● Problem to work on: Please find the line that holds "ihocon: Linsy 5-Tier" below and reproduce it, along with every line after it through the end, exactly and without pictures.

● Dataset content:
┌────────
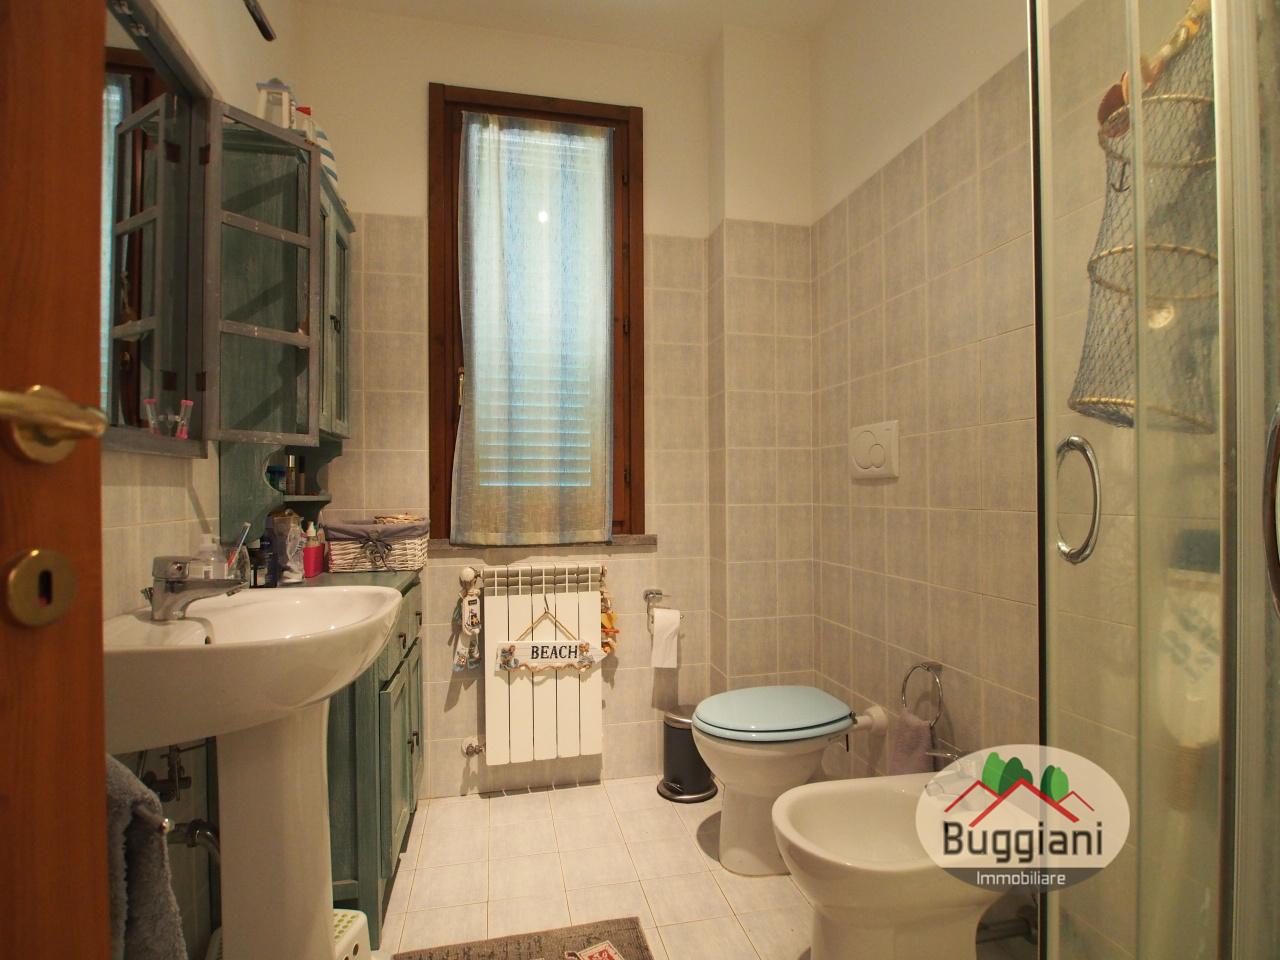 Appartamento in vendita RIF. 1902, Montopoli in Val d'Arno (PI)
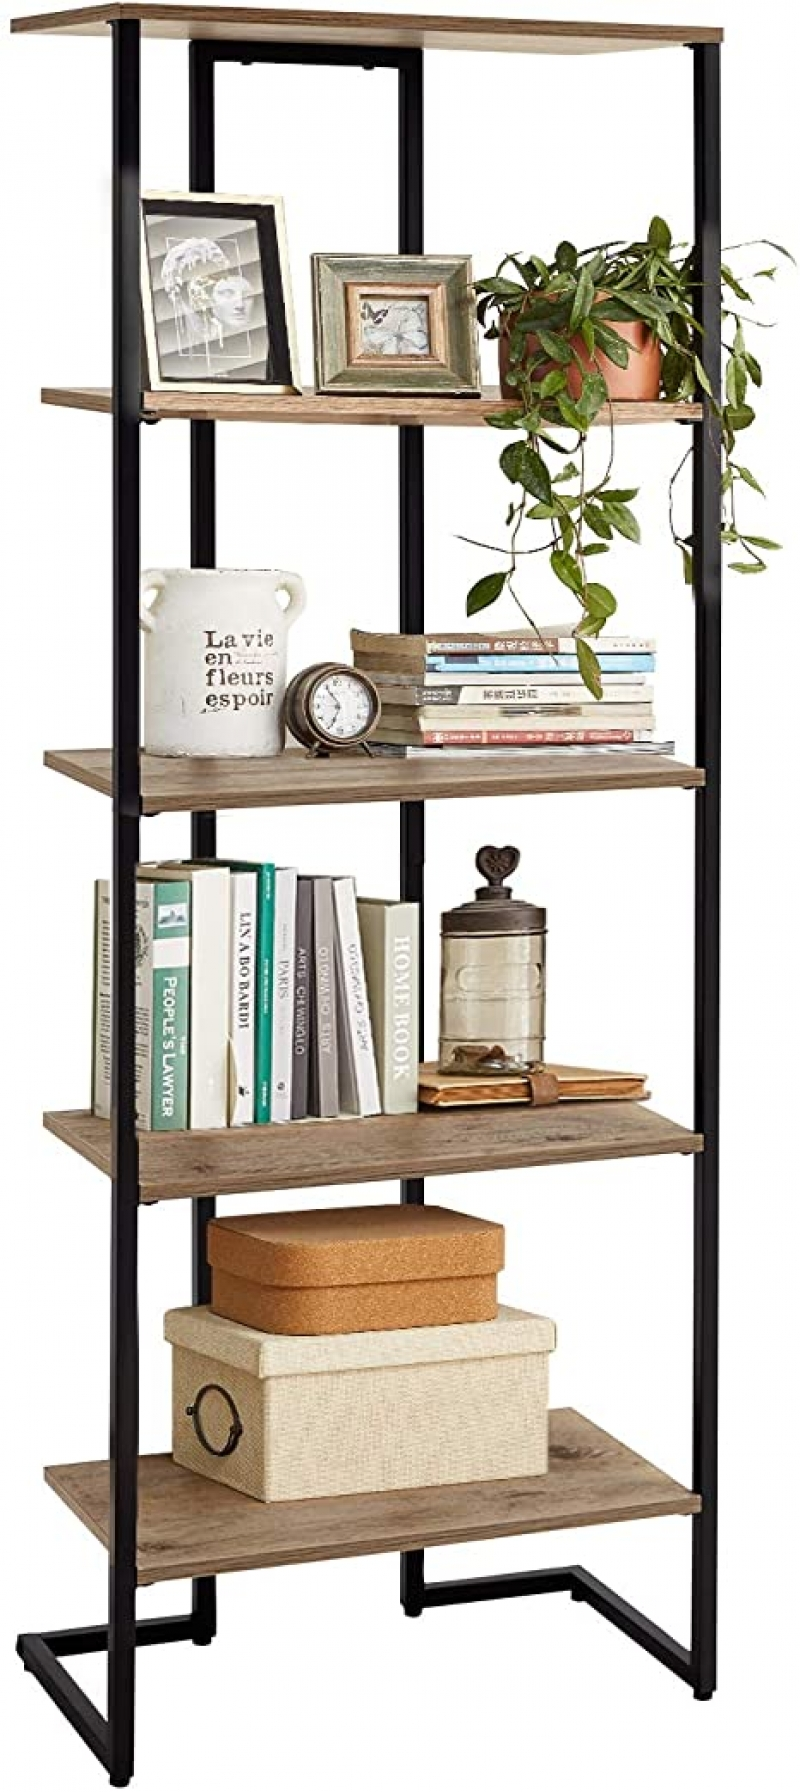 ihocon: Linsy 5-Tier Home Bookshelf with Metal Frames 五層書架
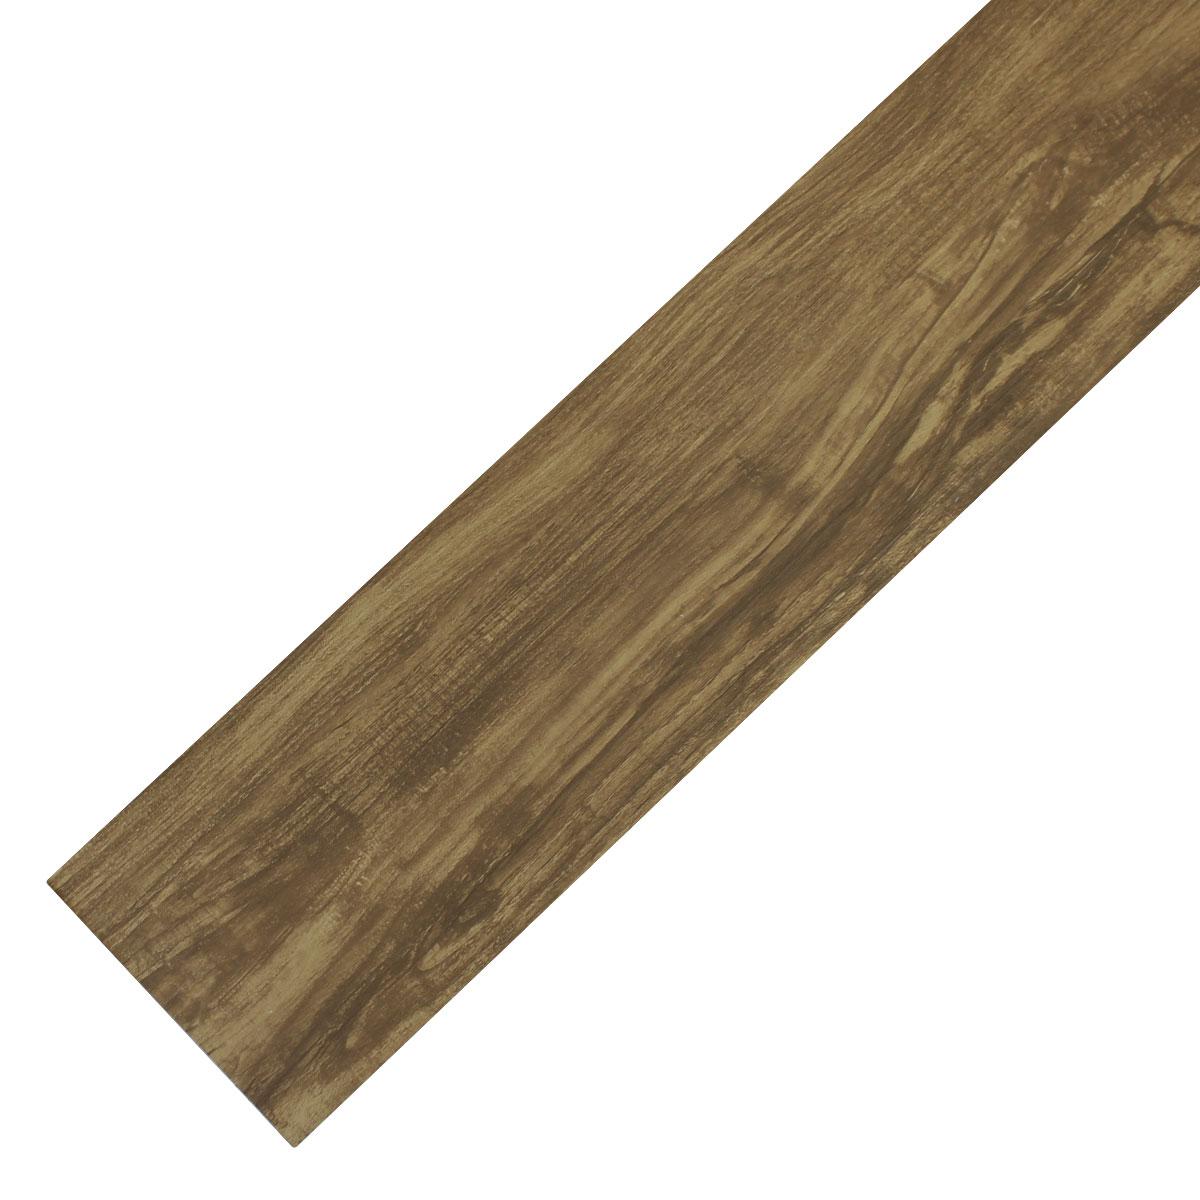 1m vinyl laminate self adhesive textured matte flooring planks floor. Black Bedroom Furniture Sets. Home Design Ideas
└────────
● Completed task:
 ihocon: Linsy 5-Tier Home Bookshelf with Metal Frames 五層書架
 1m vinyl laminate self adhesive textured matte flooring planks floor. Black Bedroom Furniture Sets. Home Design Ideas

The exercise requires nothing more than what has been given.